CN110931290A

CN110931290A - Cooling device for three-layer bidirectional riveting contact compounding machine

Info

Publication number: CN110931290A
Application number: CN201911142381.6A
Authority: CN
Inventors: 王兴生
Original assignee: Anhui Zhong Jiao Intelligent Technology Co Ltd
Current assignee: Anhui Zhong Jiao Intelligent Technology Co Ltd
Priority date: 2019-11-20
Filing date: 2019-11-20
Publication date: 2020-03-27

Abstract

The invention discloses a cooling device for a three-layer bidirectional riveting contact compounding machine, and relates to the technical field of riveting contacts. The riveting contact compound machine comprises a shell, a cooling die and a forming die, wherein the cooling die is fixedly connected with the forming die, the cooling die is arranged in the shell, the shell is fixed on a material cutter of the riveting contact compound machine, the forming die is matched with a forming pier of the riveting contact compound machine, and the cooling die is fixed in the shell through a damping spring and a limiting column. According to the invention, the fixing cylinder absorbs heat in the forming die and transfers the heat into the cooling tube, then the heat is transferred out through the cooling tube, and a certain resilience force is formed in the shell of the cooling die through the mutual matching among the connecting plate, the fixing plate, the damping spring and the limiting column, so that the cooling die is prevented from being extruded and deformed in the forming process of riveting contacts and cannot be used.

Description

Cooling device for three-layer bidirectional riveting contact compounding machine

Technical Field

The invention belongs to the technical field of riveting contacts, and particularly relates to a cooling device for a three-layer bidirectional riveting contact compound machine.

Background

The riveting contact is a basic element in the electromagnetic relay and can be divided into three basic structures, namely an integral rivet contact, a double-layer composite rivet contact and a three-layer composite rivet contact according to different purposes, in the manufacturing process, materials are sequentially filled into a material collecting hole of a riveting contact compounding machine according to the layer structure of the riveting contact, and then the riveting contact is manufactured through extrusion between a forming pier and the material collecting hole; in the process of riveting contact forming, in order to ensure the quality of riveting contacts, the riveting contacts need to be pressed at a lower temperature, and in the process of normally manufacturing the riveting contacts, a large amount of heat is accumulated in the aggregate holes due to continuous production, so that the quality of the riveting contacts is difficult to ensure, the yield is reduced, and the production cost and the production time are increased.

Disclosure of Invention

The invention aims to provide a cooling device for a three-layer bidirectional riveting contact compounding machine, which solves the problems in the background art.

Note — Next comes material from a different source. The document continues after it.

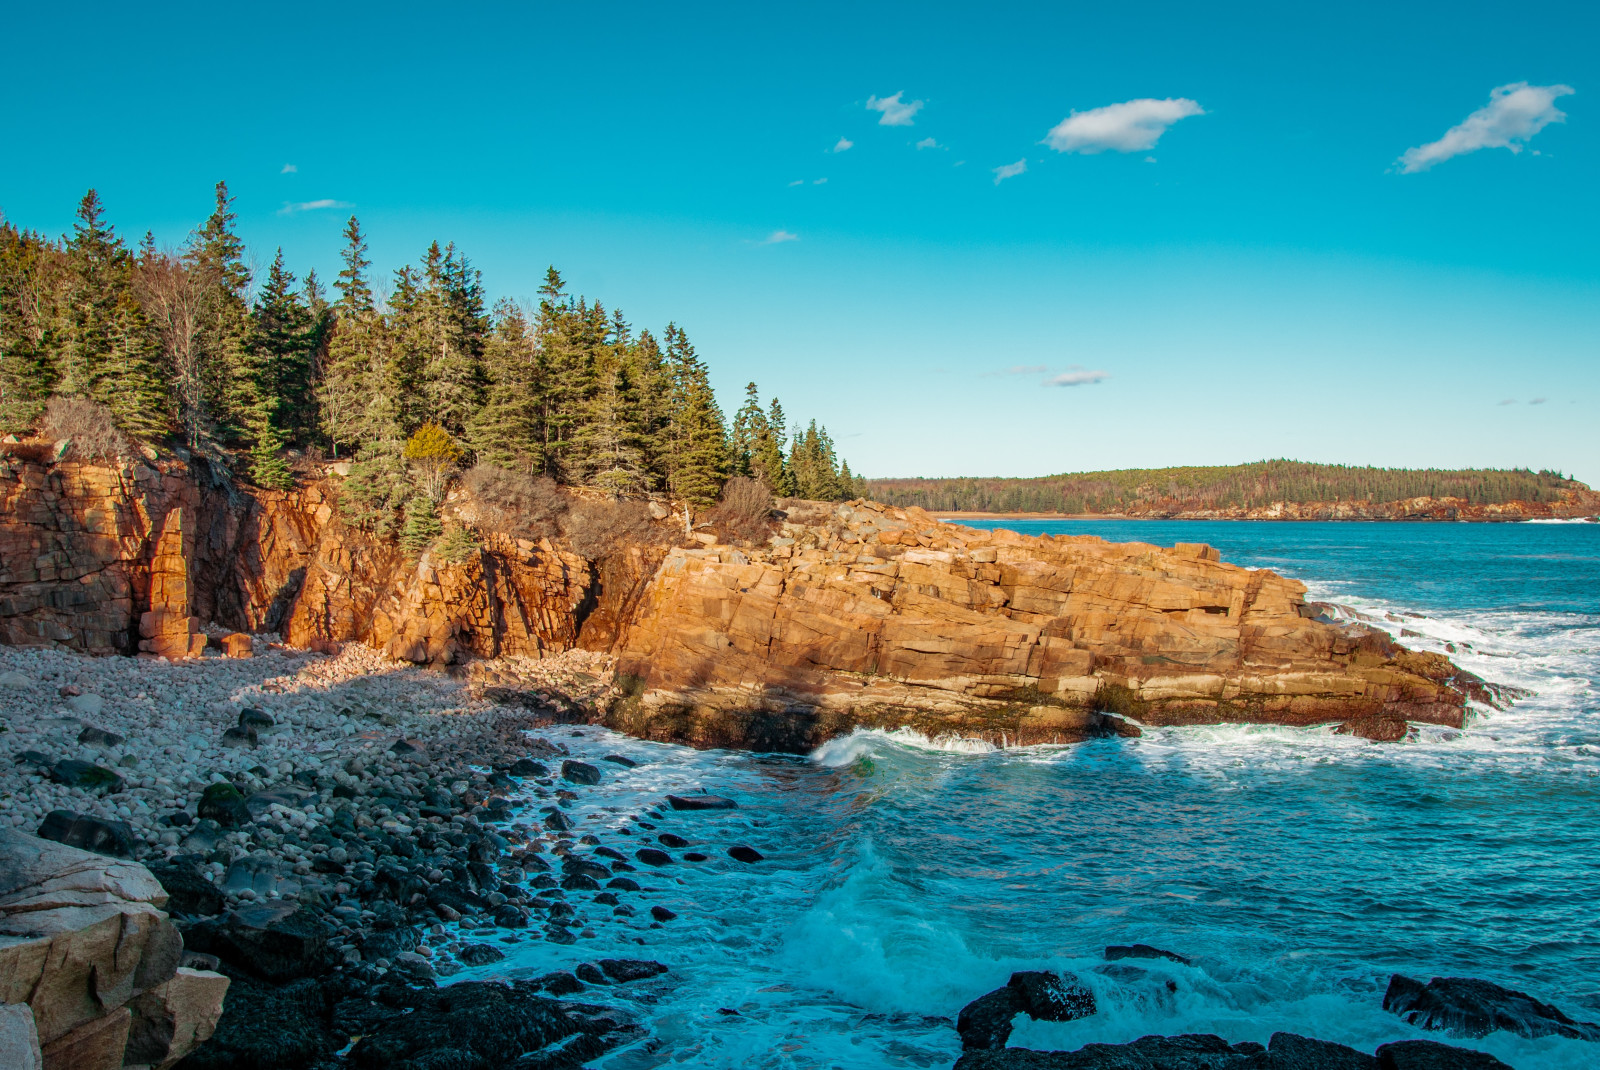 Body of water next to rocky coastline and trees with blue skies during daytime

In order to solve the technical problems, the invention is realized by the following technical scheme:

the invention relates to a cooling device for a three-layer bidirectional riveting contact compound machine, which comprises a shell, a cooling die and a forming die, wherein the cooling die is arranged outside the forming die and is arranged in the shell;

a fixing groove and a cooling groove are arranged in the shell, and the fixing groove is communicated with the cooling groove; the cooling die comprises a fixed cylinder, connecting plates, a cooling pipe, a fixed plate, a damping spring and a limiting column, wherein the fixed cylinder is installed in a fixed groove, the peripheral side surface of the fixed cylinder is connected with the connecting plates, the cooling pipe is in a spiral pipe shape, the cooling pipe is wound on the peripheral side surface of the fixed cylinder, and the cooling pipe penetrates through gaps among the connecting plates; one surface of the connecting plate is connected with a fixing plate, a plurality of limiting holes are formed in one surface of the fixing plate, limiting columns are fixedly installed in the limiting holes and movably connected with the shell, a plurality of damping springs are connected with one surface of the fixing plate, and one ends of the damping springs are fixedly connected with the shell;

the forming die comprises a limiting plate arranged on one surface of the forming die, the limiting plate is of an annular sheet structure, the size of the limiting plate is matched with that of the fixing barrel, a plurality of screw holes are formed in one surface of the fixing barrel, the limiting plate and the fixing barrel are fixedly connected through limiting bolts, and the limiting bolts are matched with the screw holes.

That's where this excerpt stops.